What needs to be done
Keep the pictures out. Copy every line of the listing exactly.

Dataset section
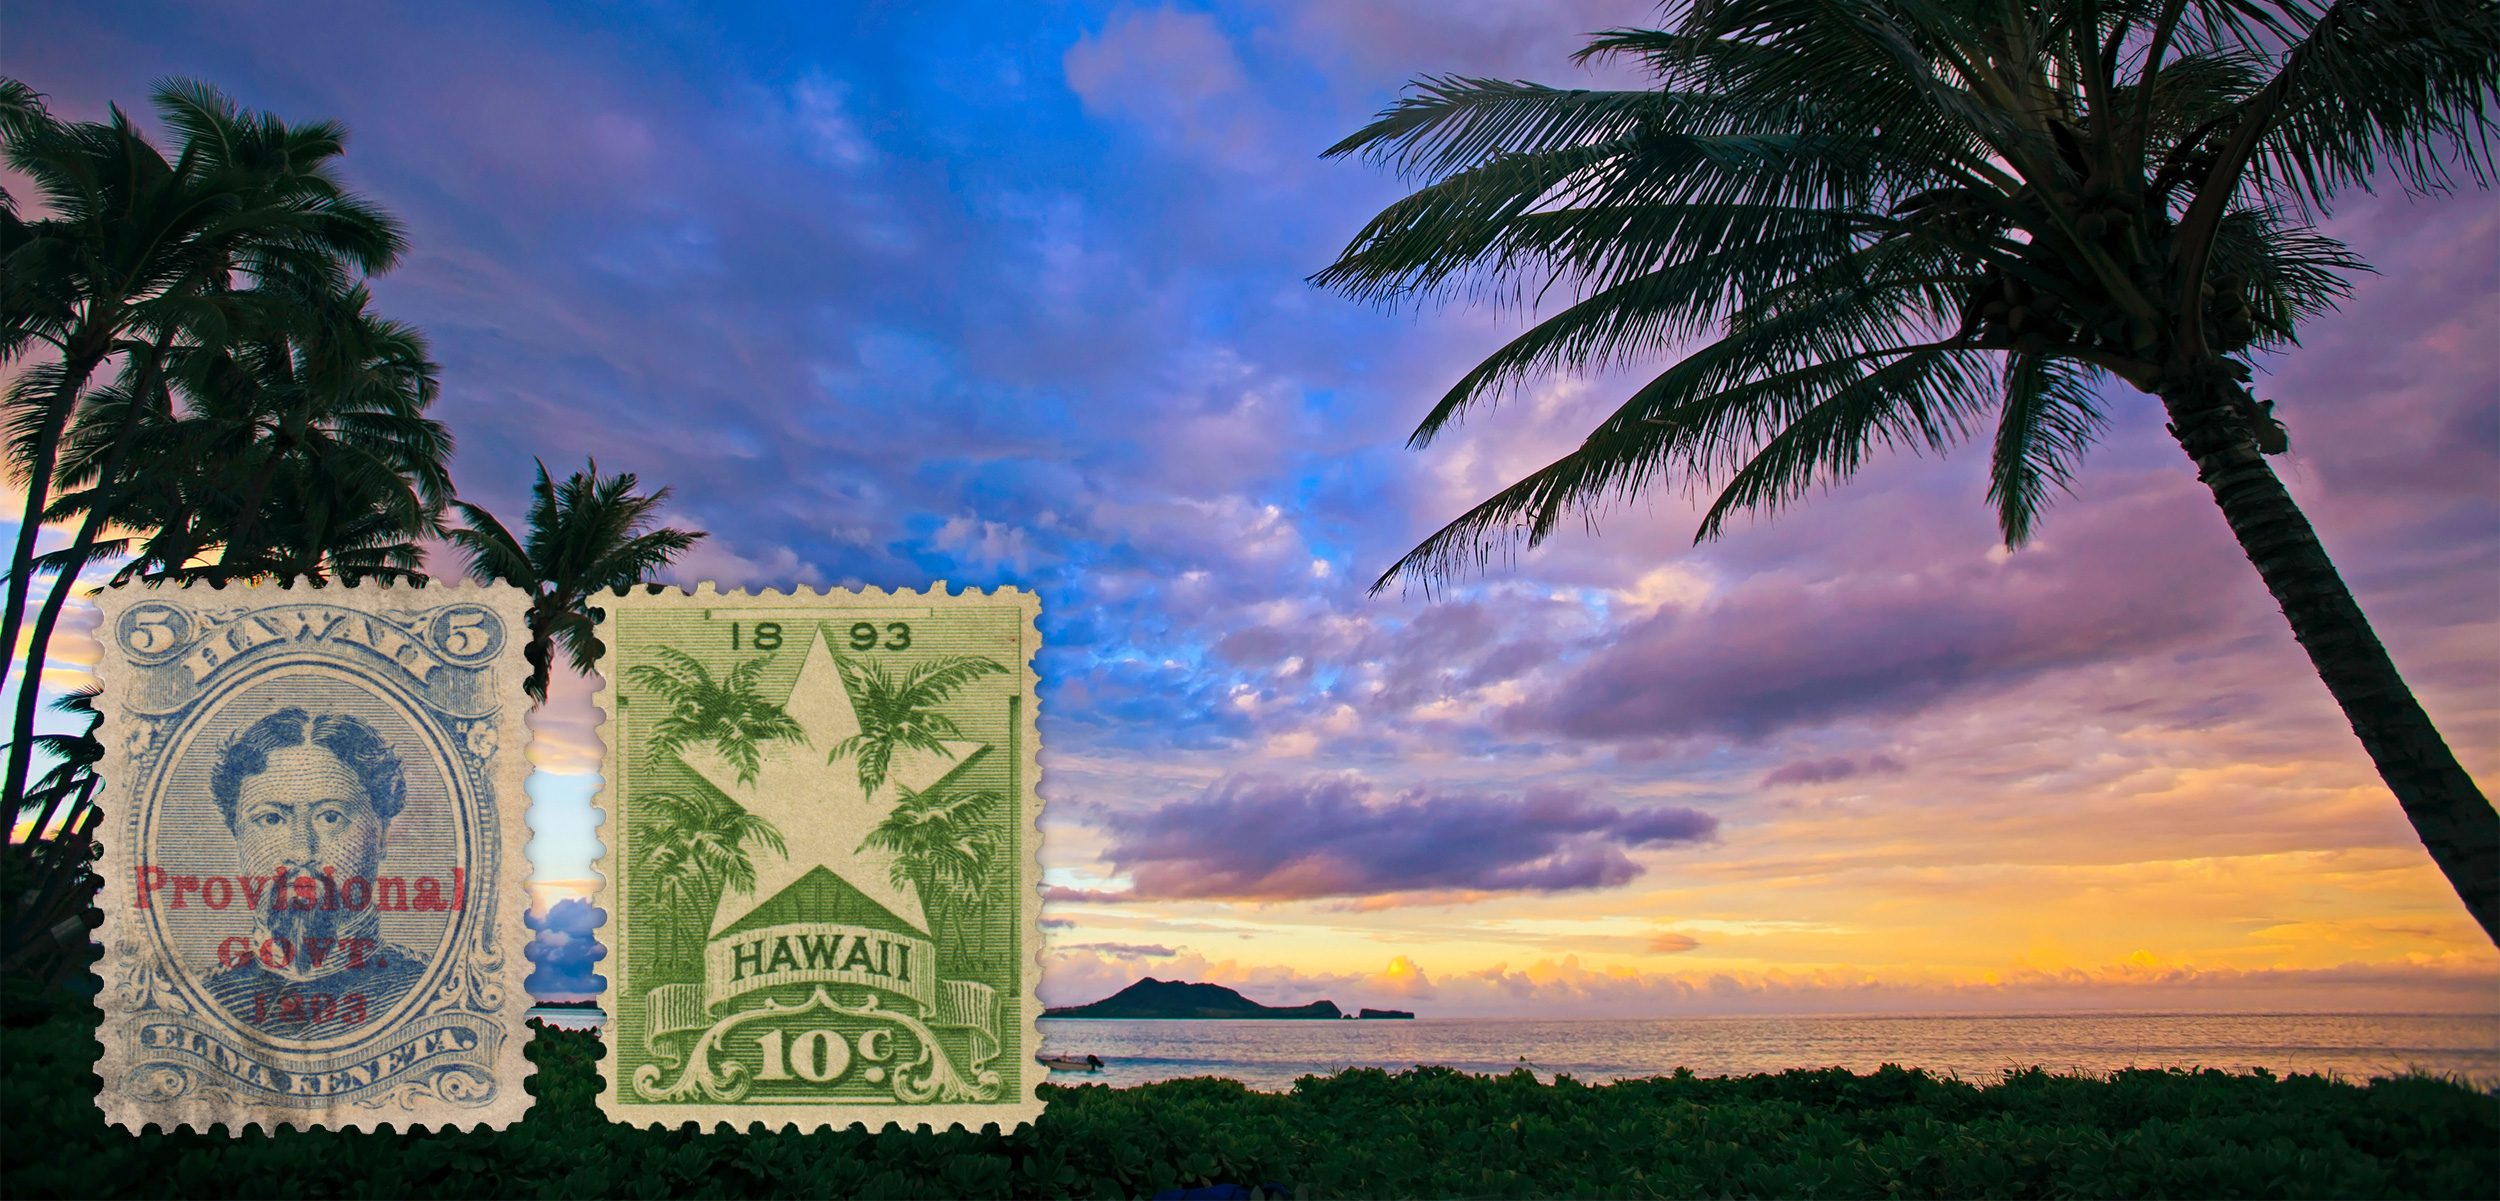 When the Provisional Government pushed its way into power in Hawai‘i in 1893, it stamped its name over the royal portraits that adorned existing postage stamps. The new government then ordered new stamps, including the star and palms, which is a visual statement of its desire to Americanize the once-independent kingdom. Background photo by Tomas del Amo/Alamy Stock Photo
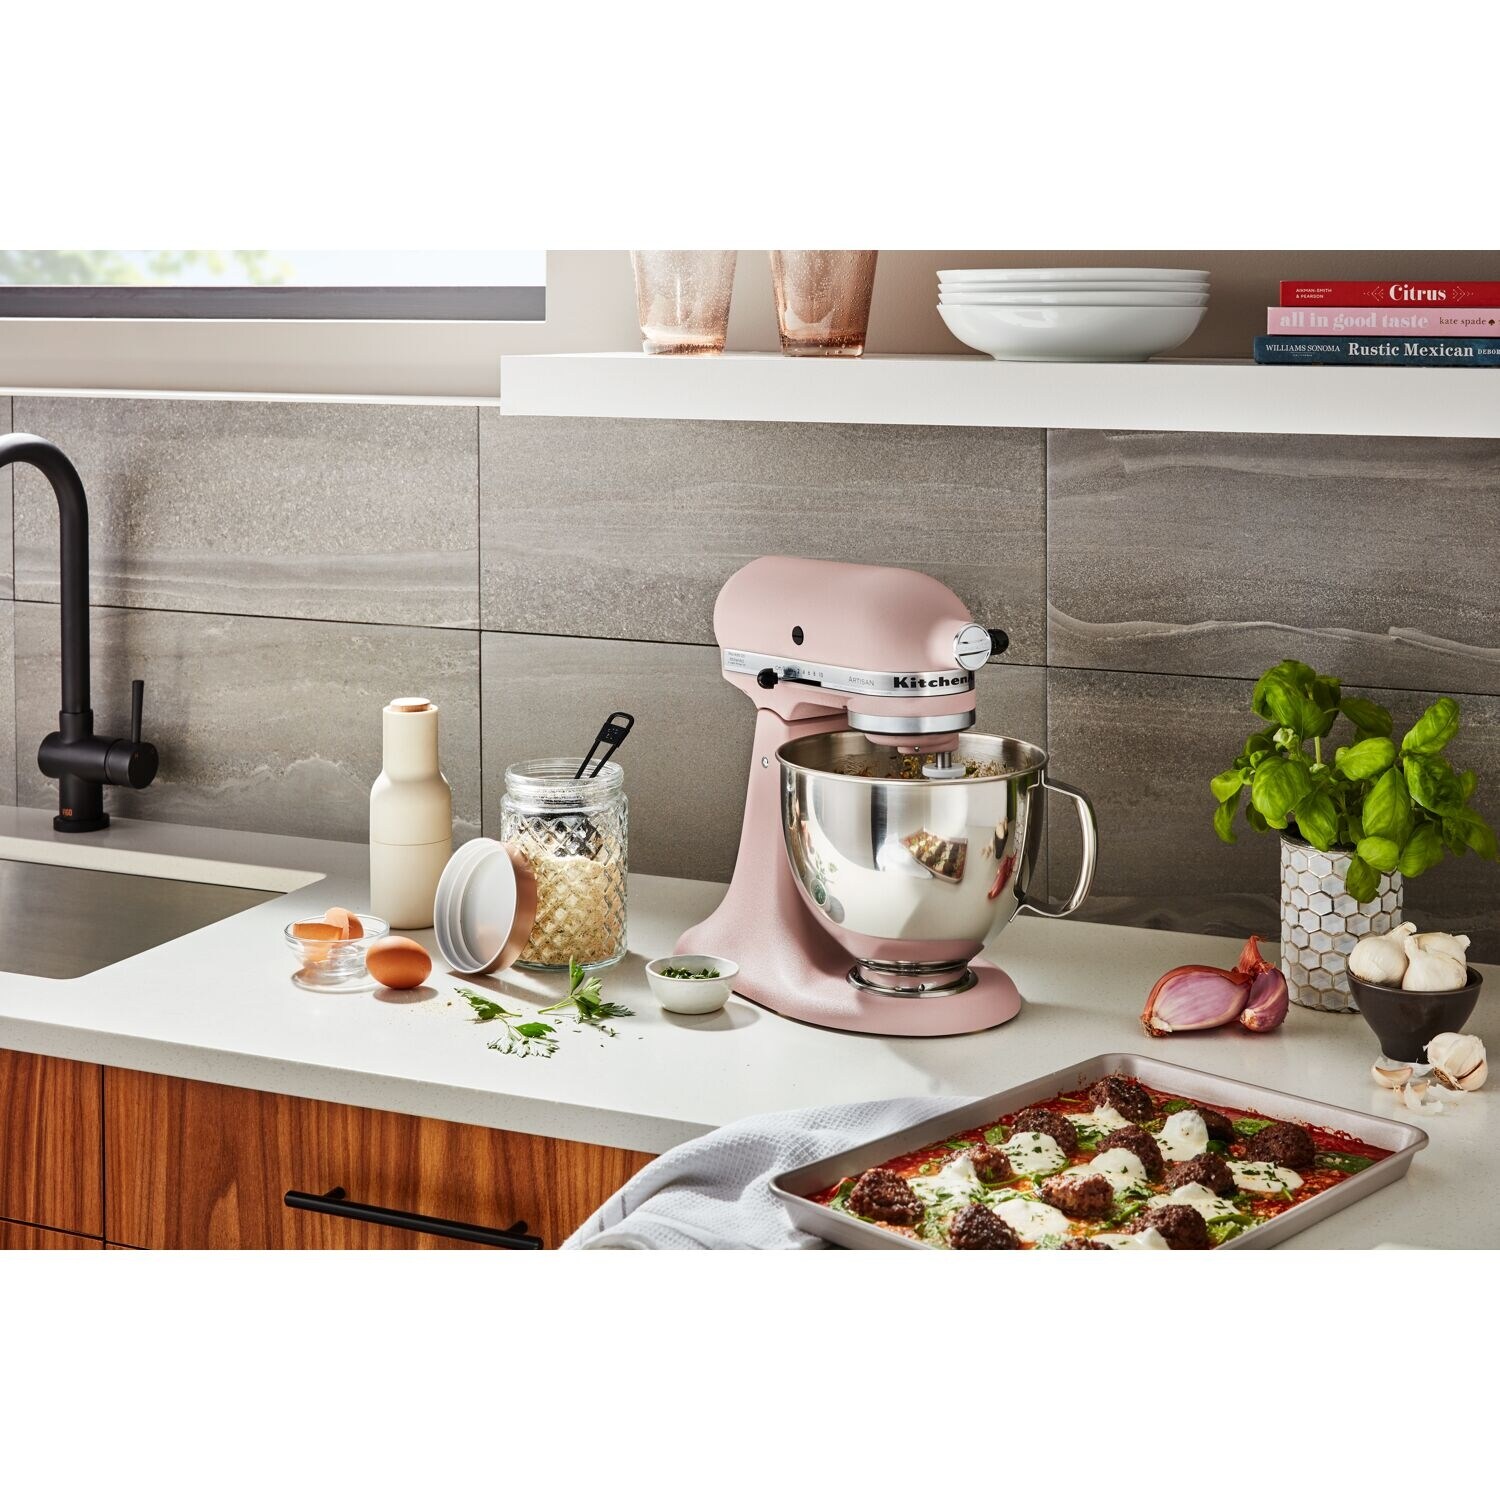 https://ak1.ostkcdn.com/images/products/is/images/direct/c7193483c1a7e47e594c3c3d7e2f1a86569c6b6c/KitchenAid-Artisan-Series-325-Watt-Tilt-Back-Head-Stand-Mixer-in-Feather-Pink.jpg
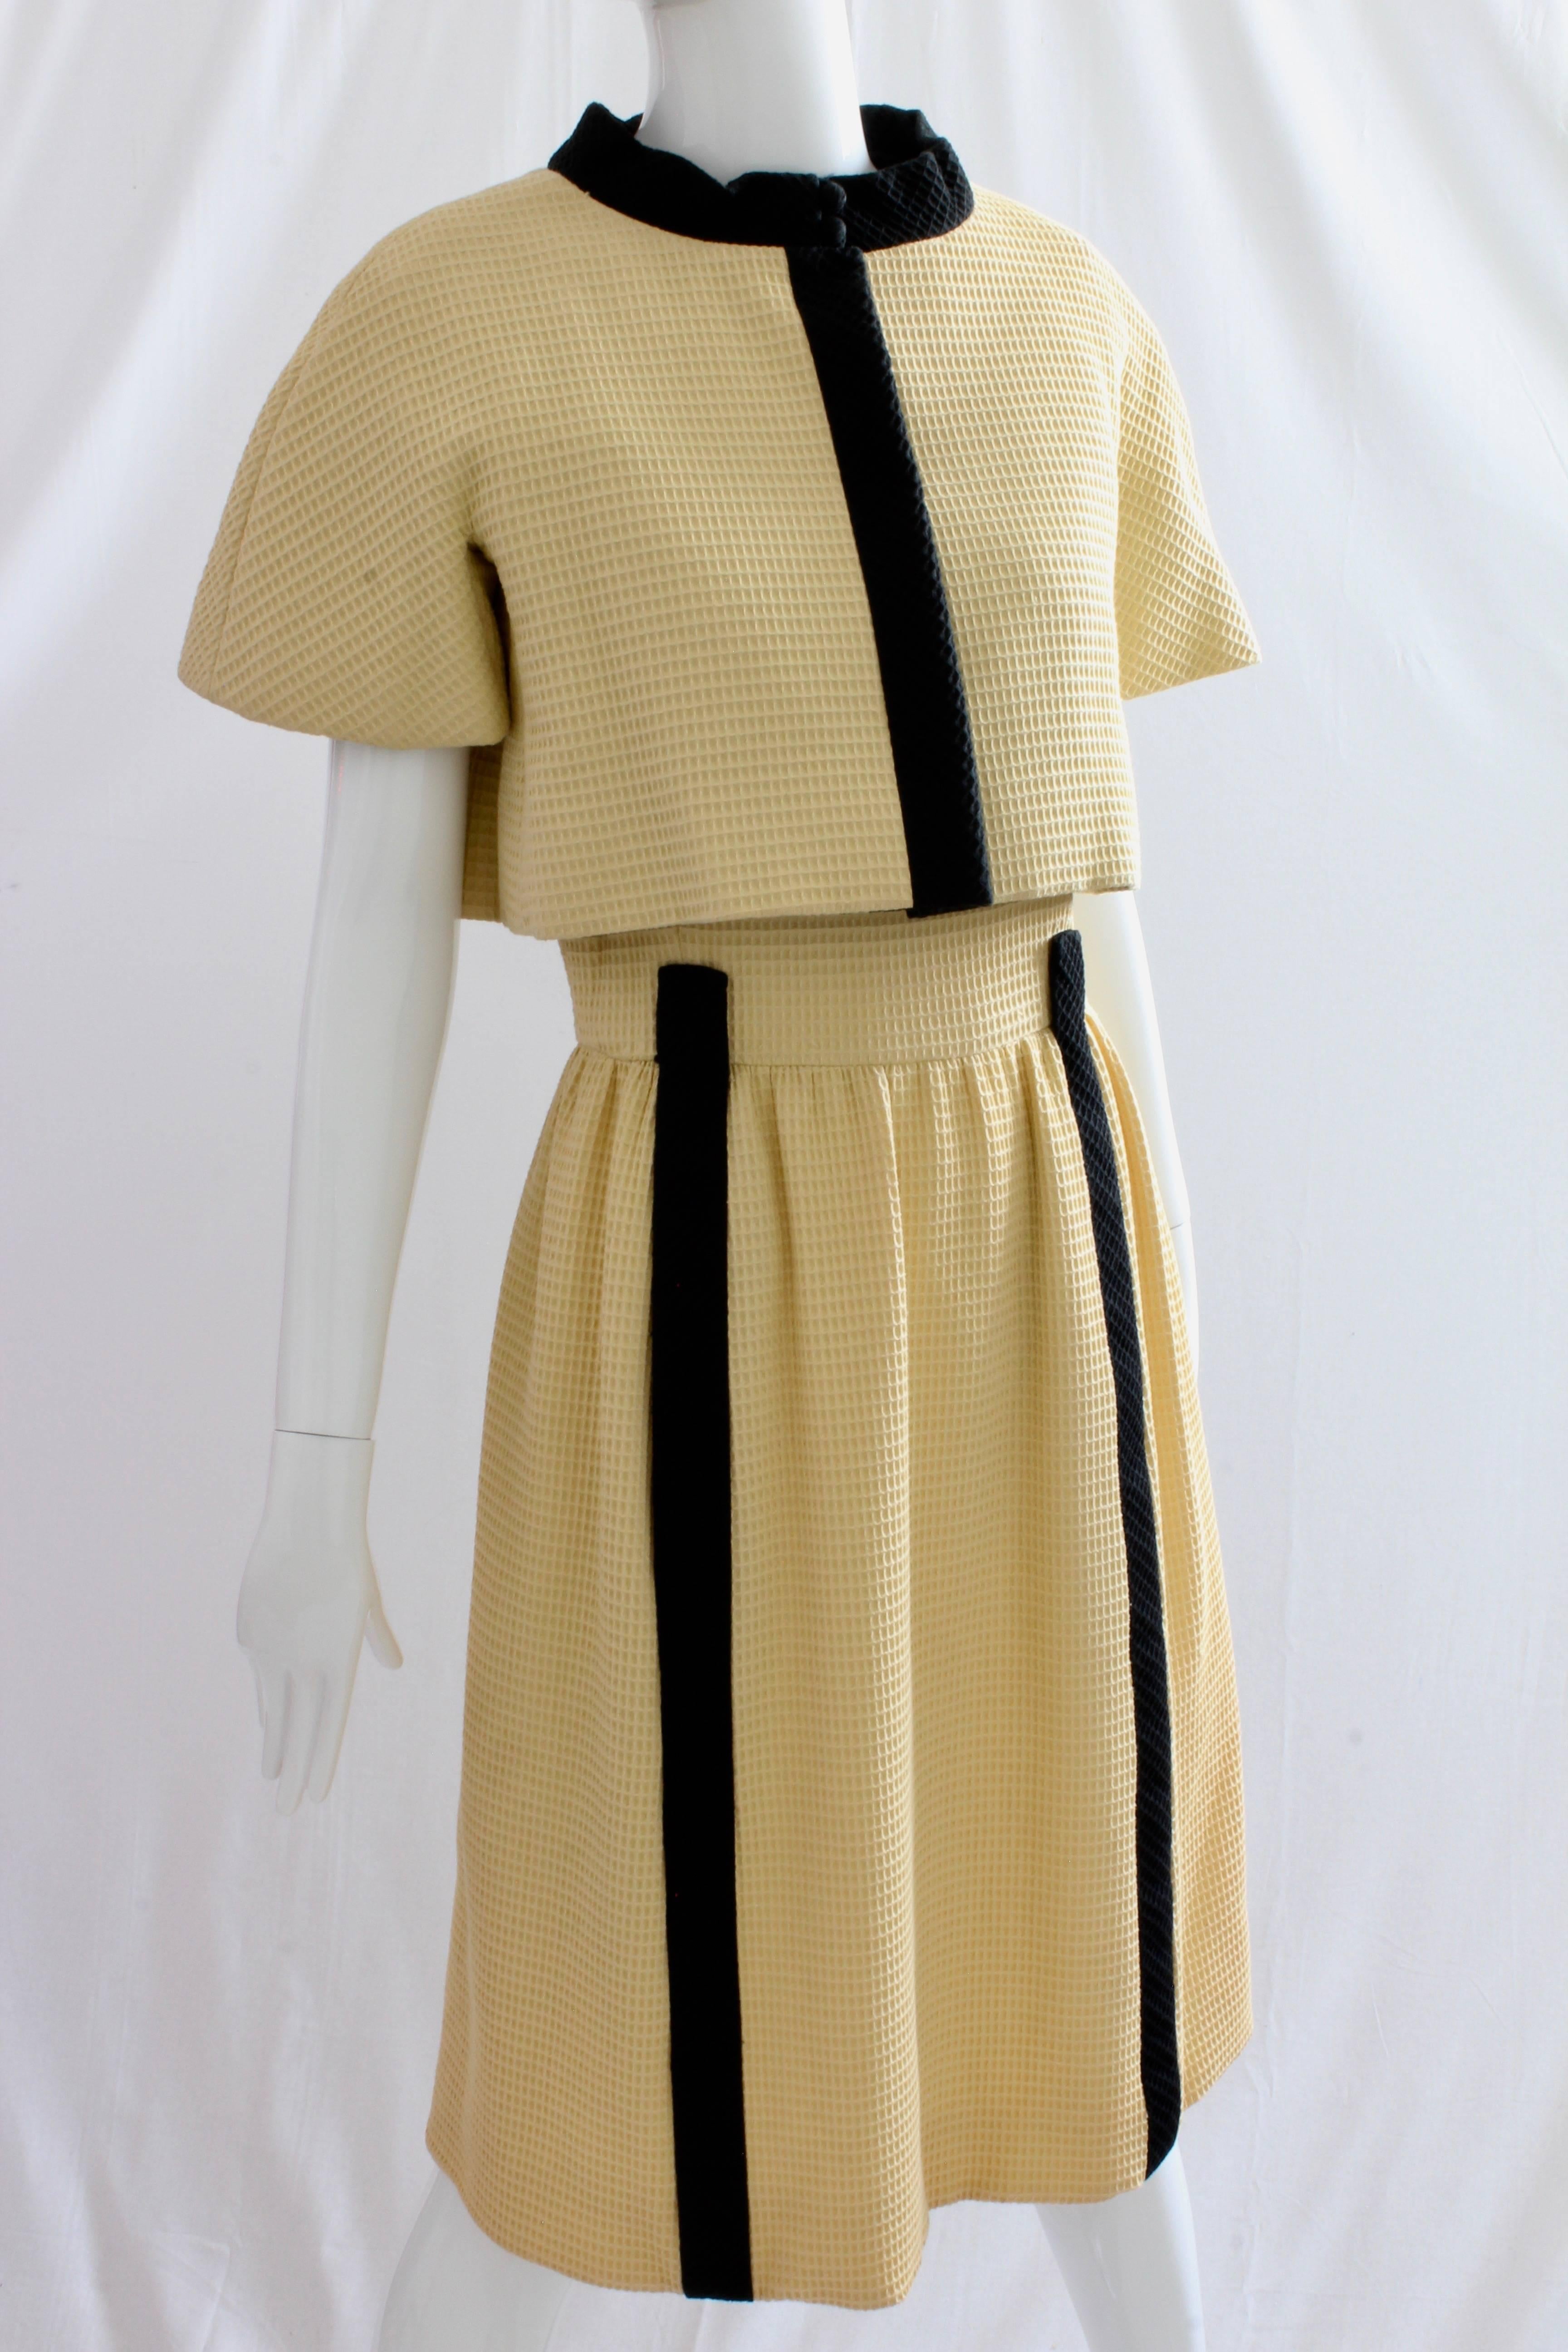 Women's or Men's 60s Chester Weinberg Jacket and Dress Ensemble 2pc Set Yellow Honeycomb Fabric S

Answer to this problem
 When the Provisional Government pushed its way into power in Hawai‘i in 1893, it stamped its name over the royal portraits that adorned existing postage stamps. The new government then ordered new stamps, including the star and palms, which is a visual statement of its desire to Americanize the once-independent kingdom. Background photo by Tomas del Amo/Alamy Stock Photo
 https://ak1.ostkcdn.com/images/products/is/images/direct/c7193483c1a7e47e594c3c3d7e2f1a86569c6b6c/KitchenAid-Artisan-Series-325-Watt-Tilt-Back-Head-Stand-Mixer-in-Feather-Pink.jpg
 Women's or Men's 60s Chester Weinberg Jacket and Dress Ensemble 2pc Set Yellow Honeycomb Fabric S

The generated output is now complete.